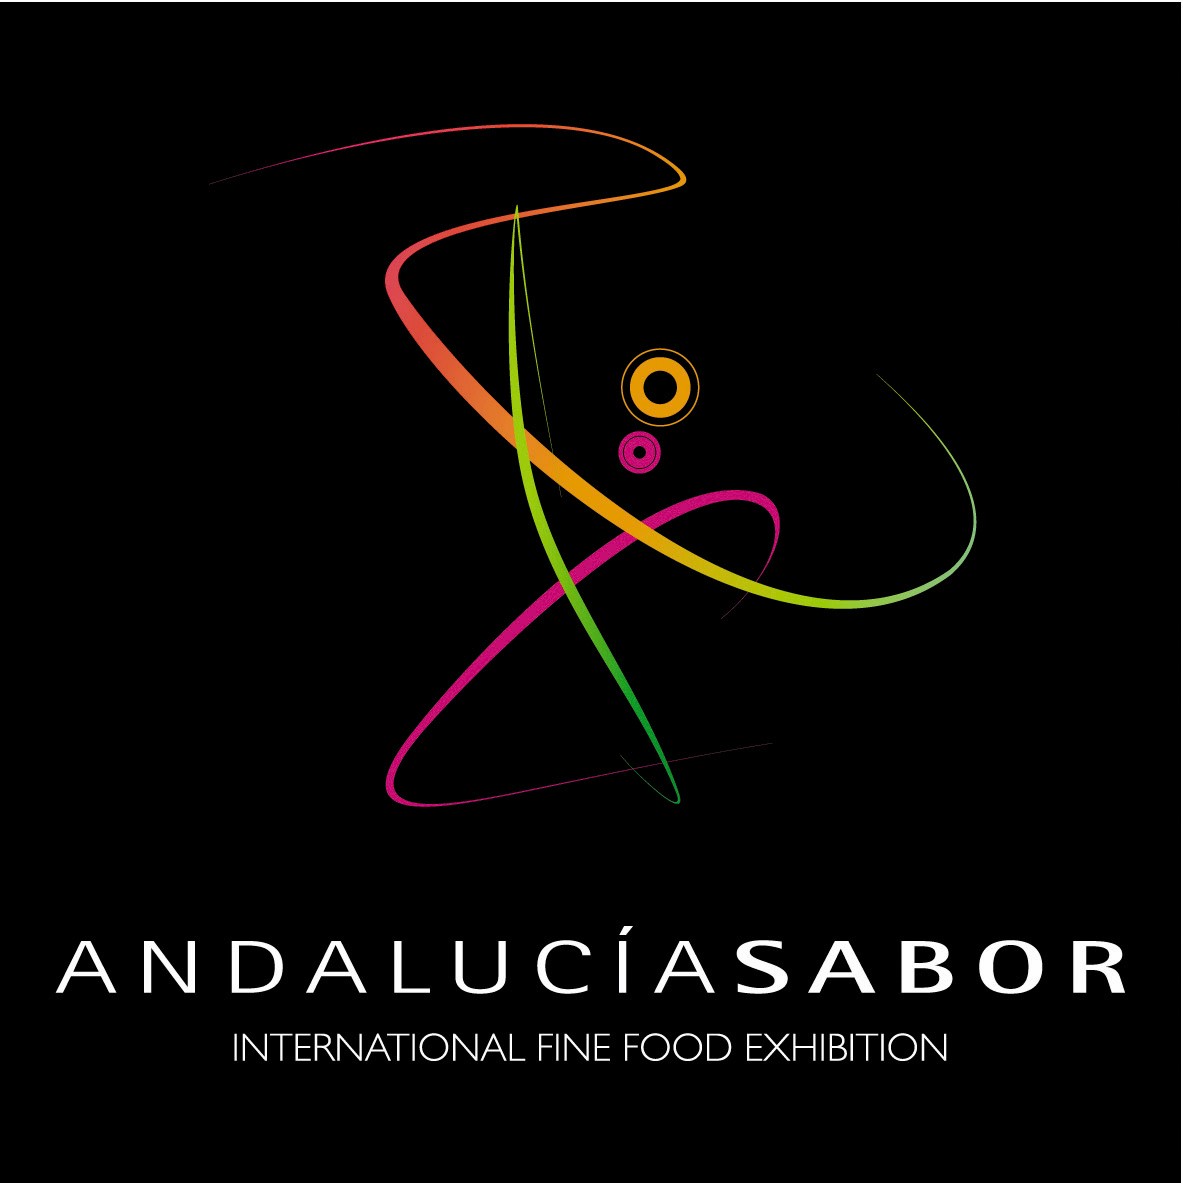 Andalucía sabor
==
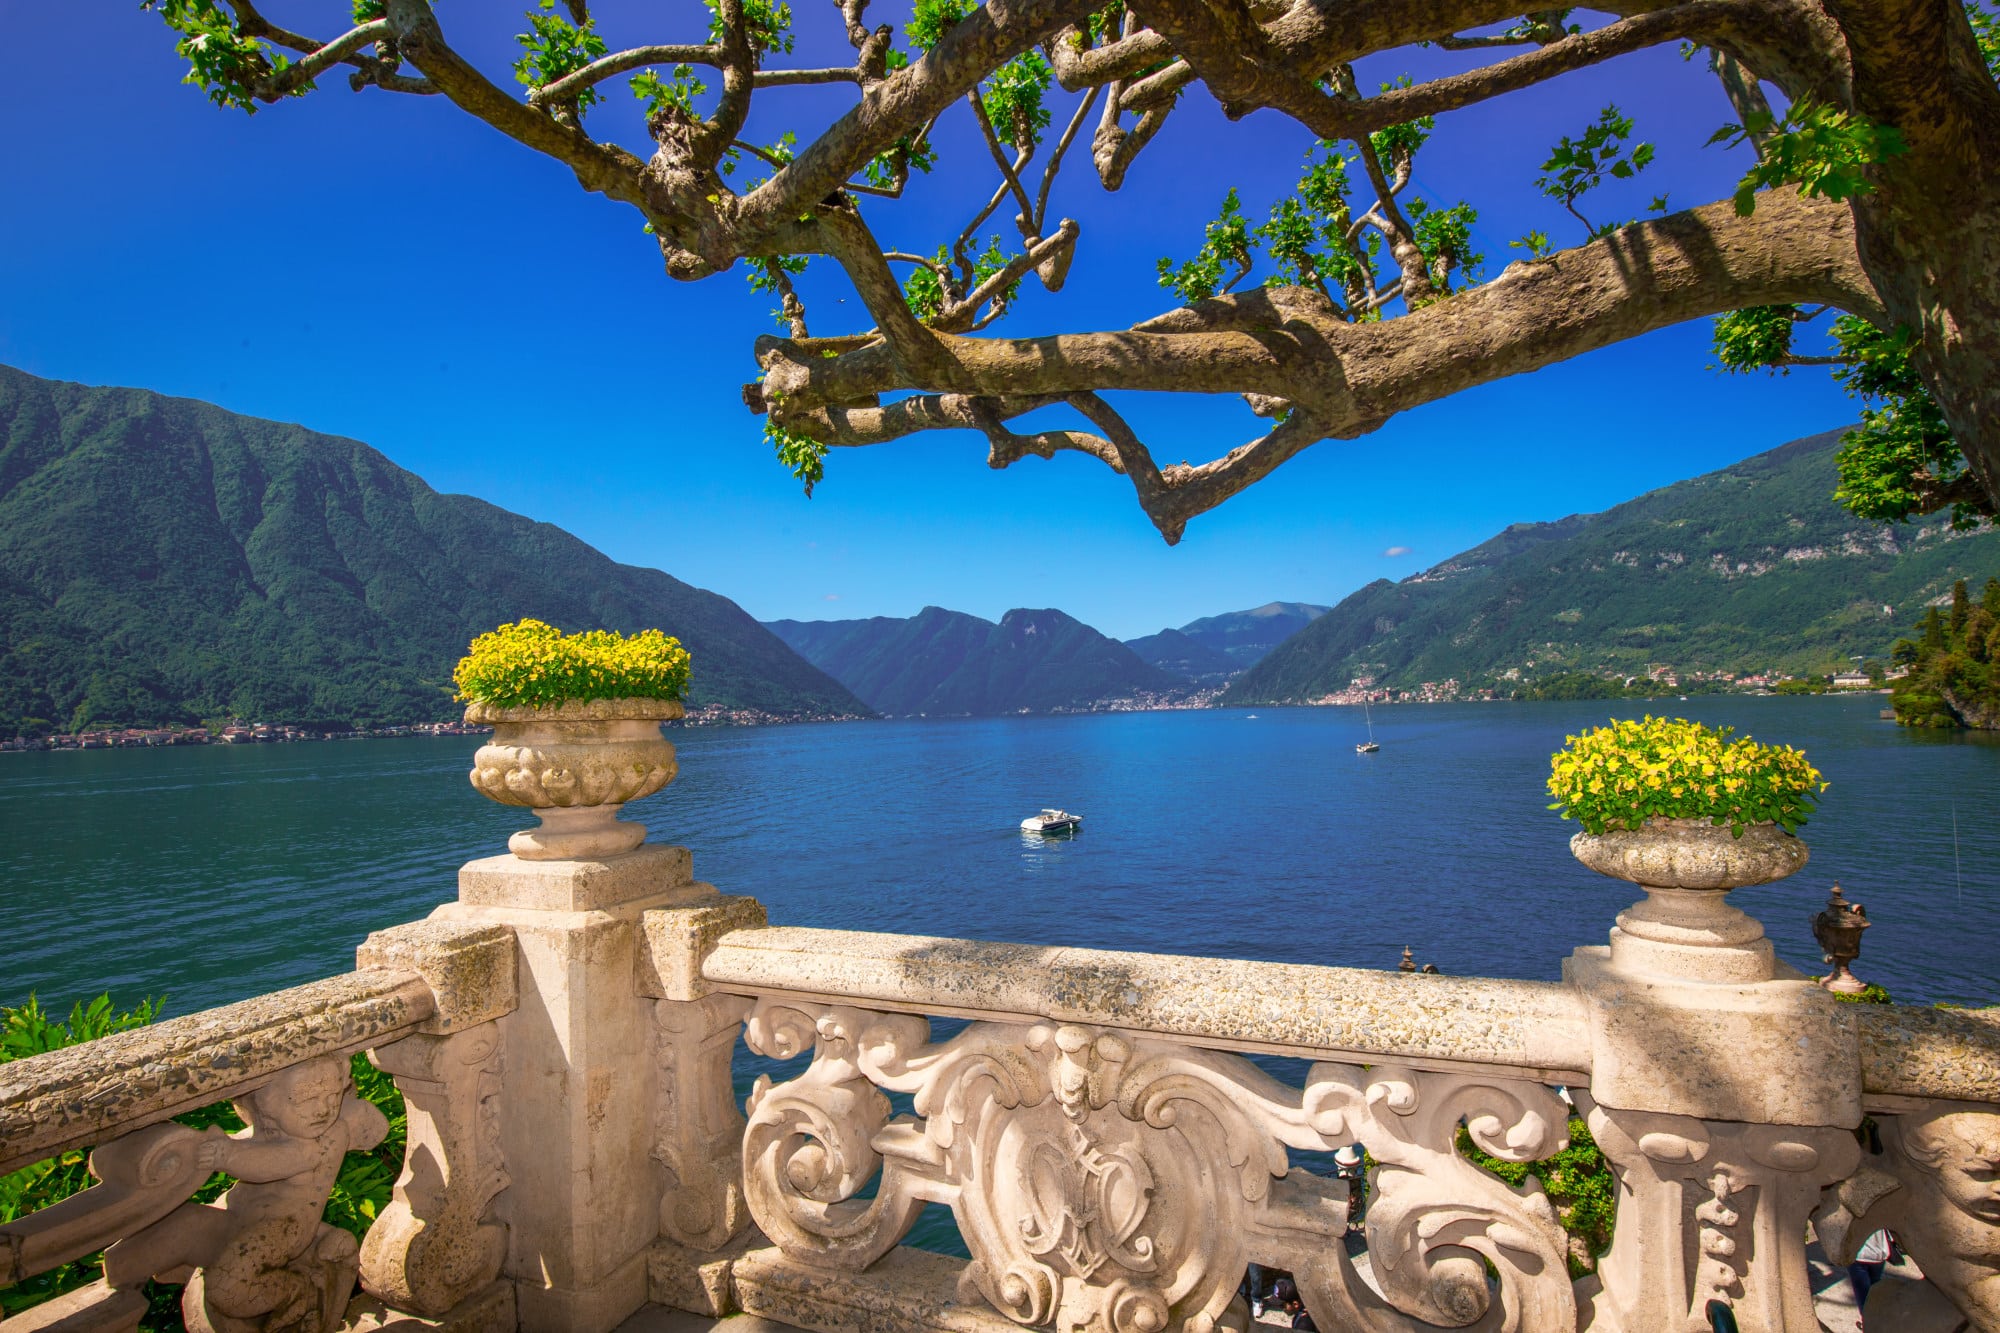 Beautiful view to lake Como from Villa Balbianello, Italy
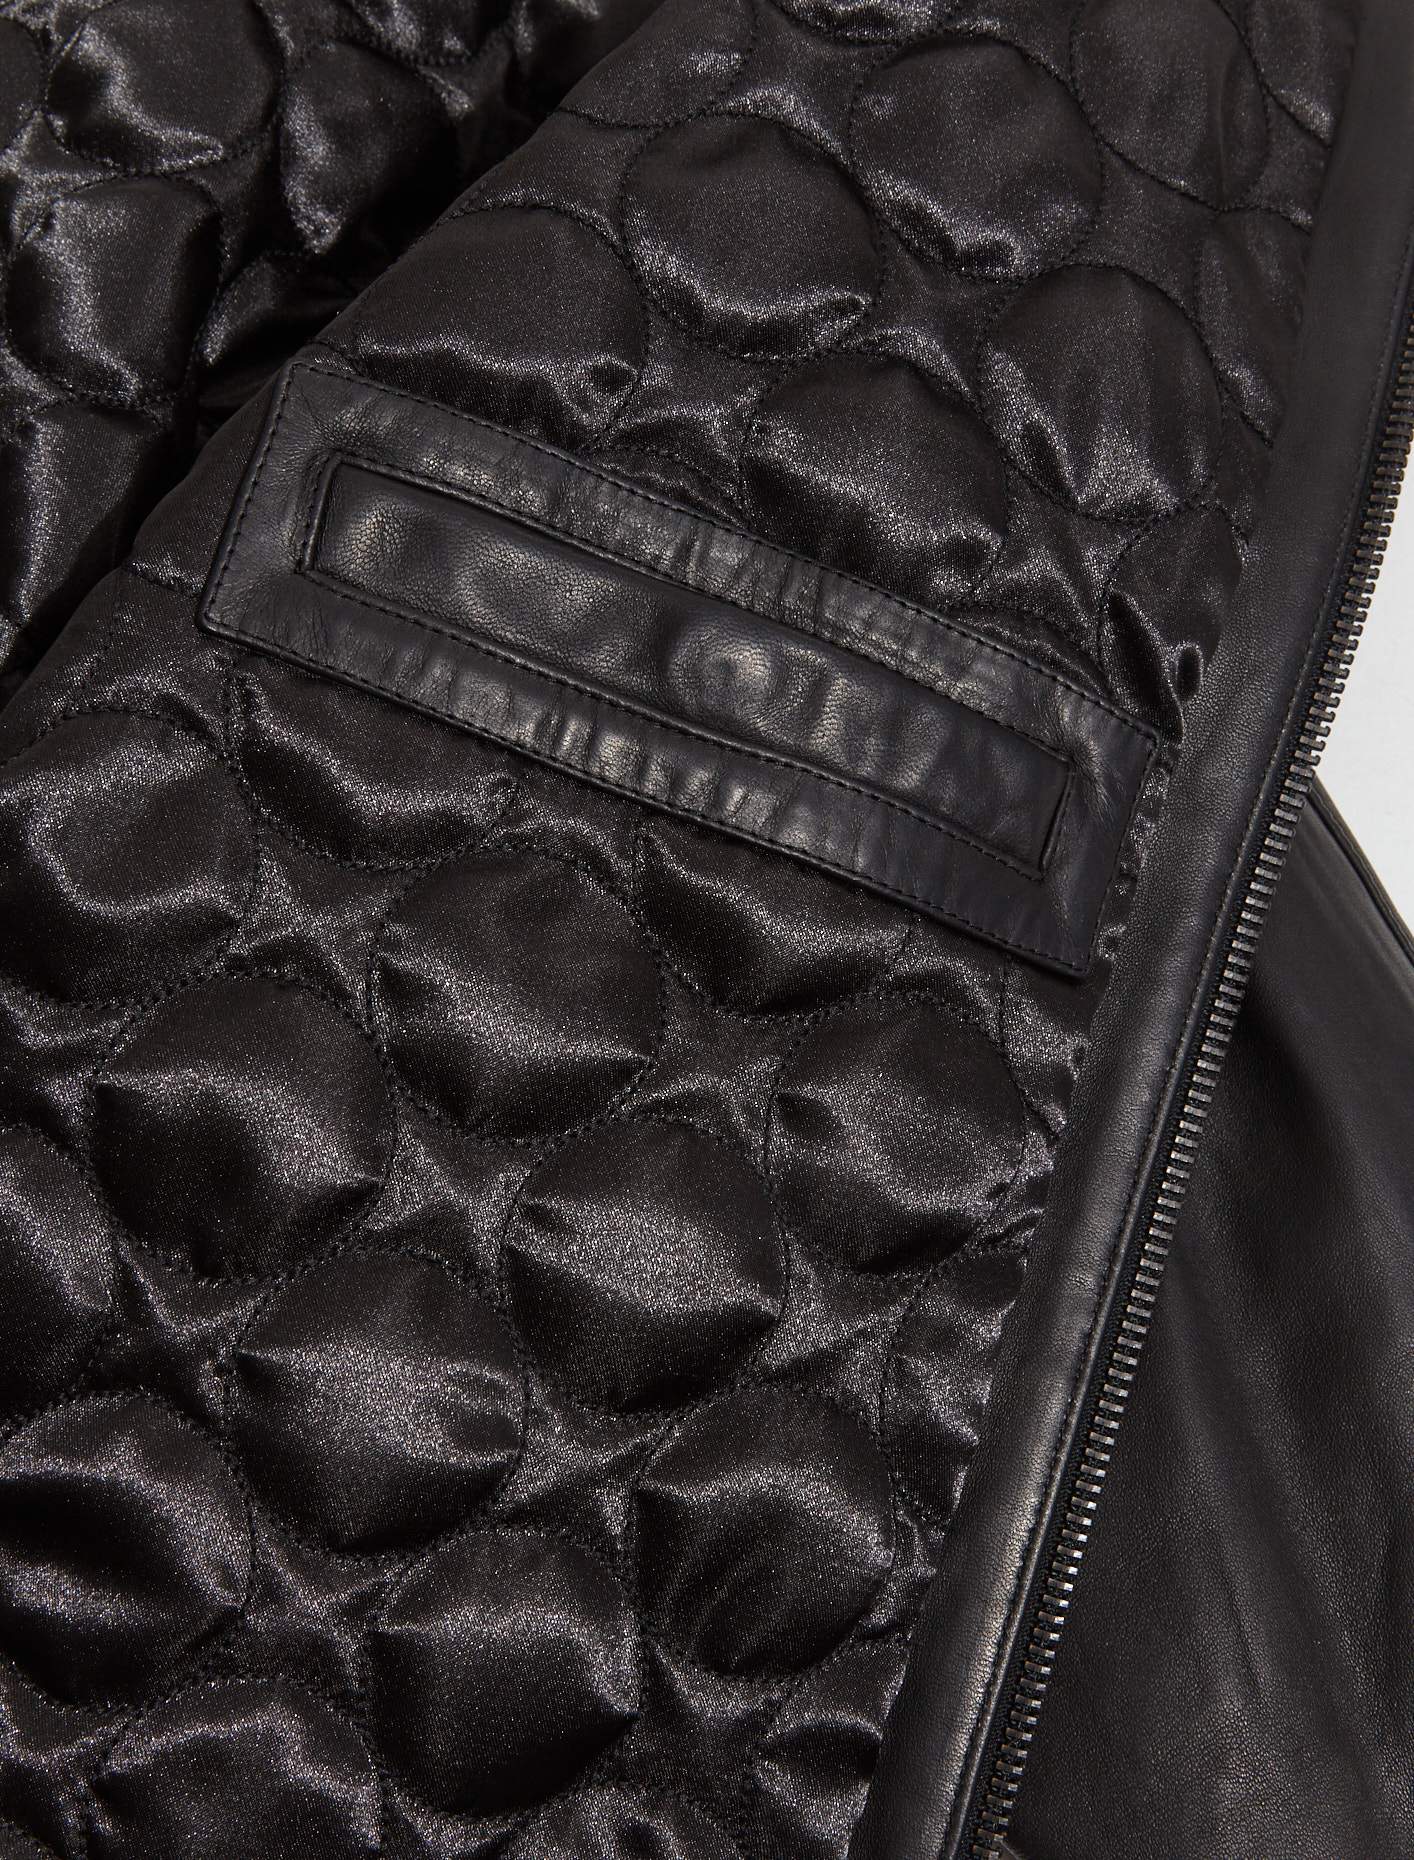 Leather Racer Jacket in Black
* * *
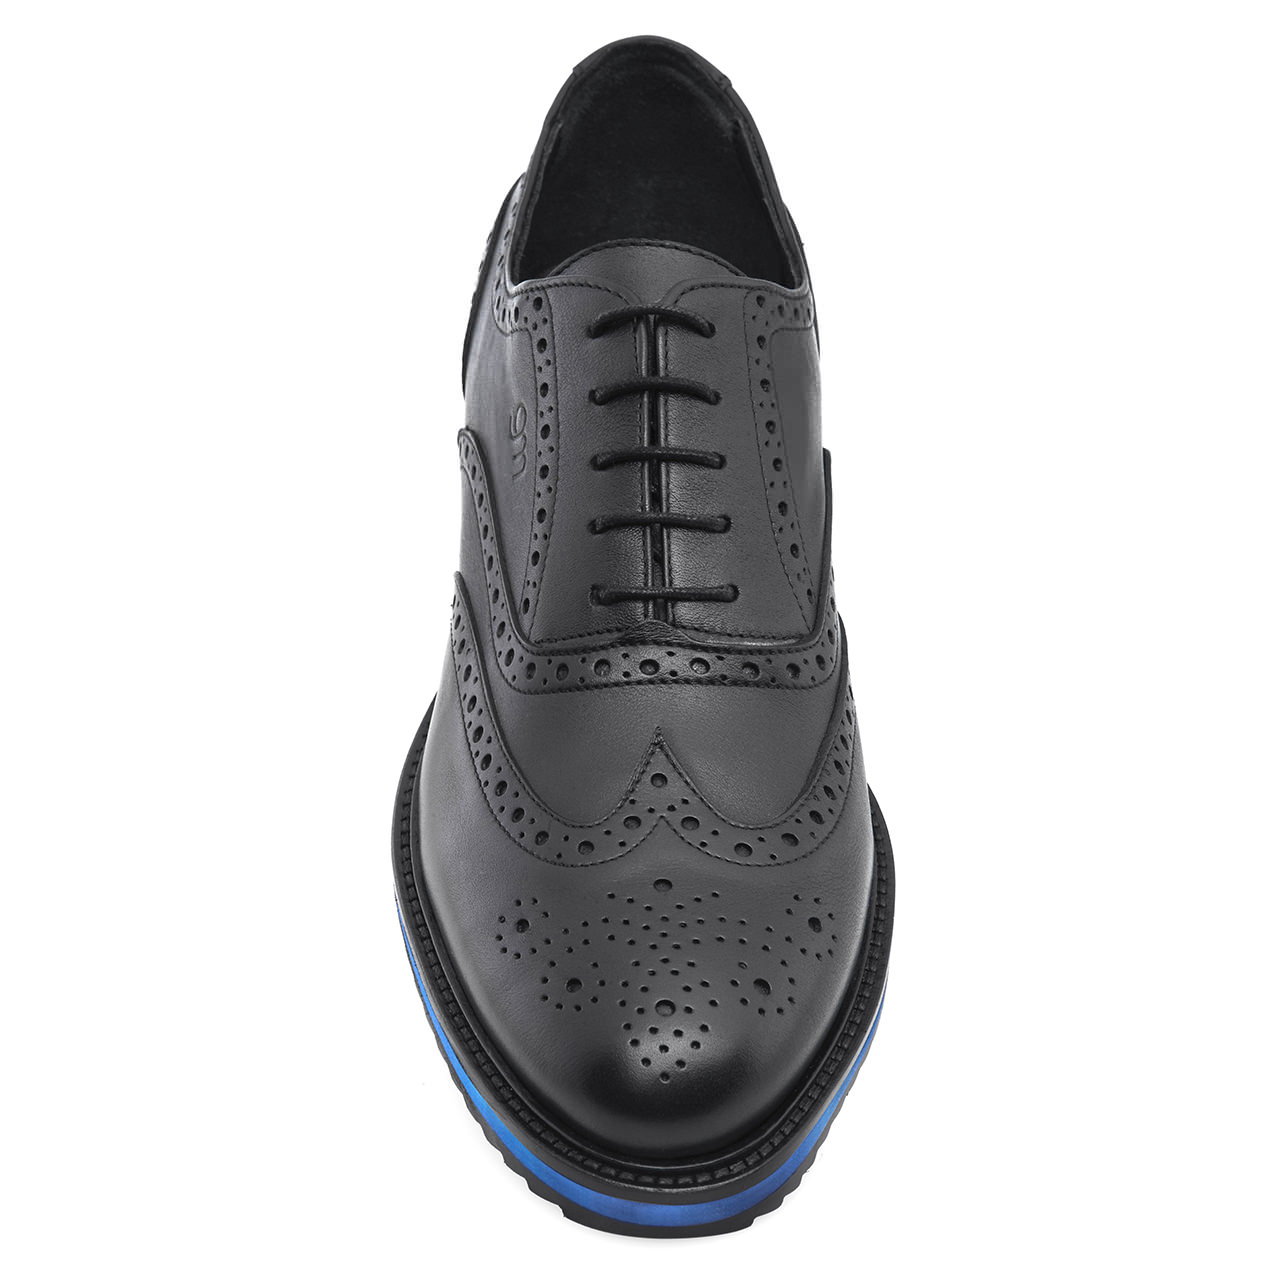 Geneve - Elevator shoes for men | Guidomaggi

_Task directions:_
What is needed is an exact copy of the lines above, from the one holding "Beautiful view to" down to the one holding "Leather Racer Jacket in Black", with those two included and the pictures left out.

_Task response:_
 Beautiful view to lake Como from Villa Balbianello, Italy
 Leather Racer Jacket in Black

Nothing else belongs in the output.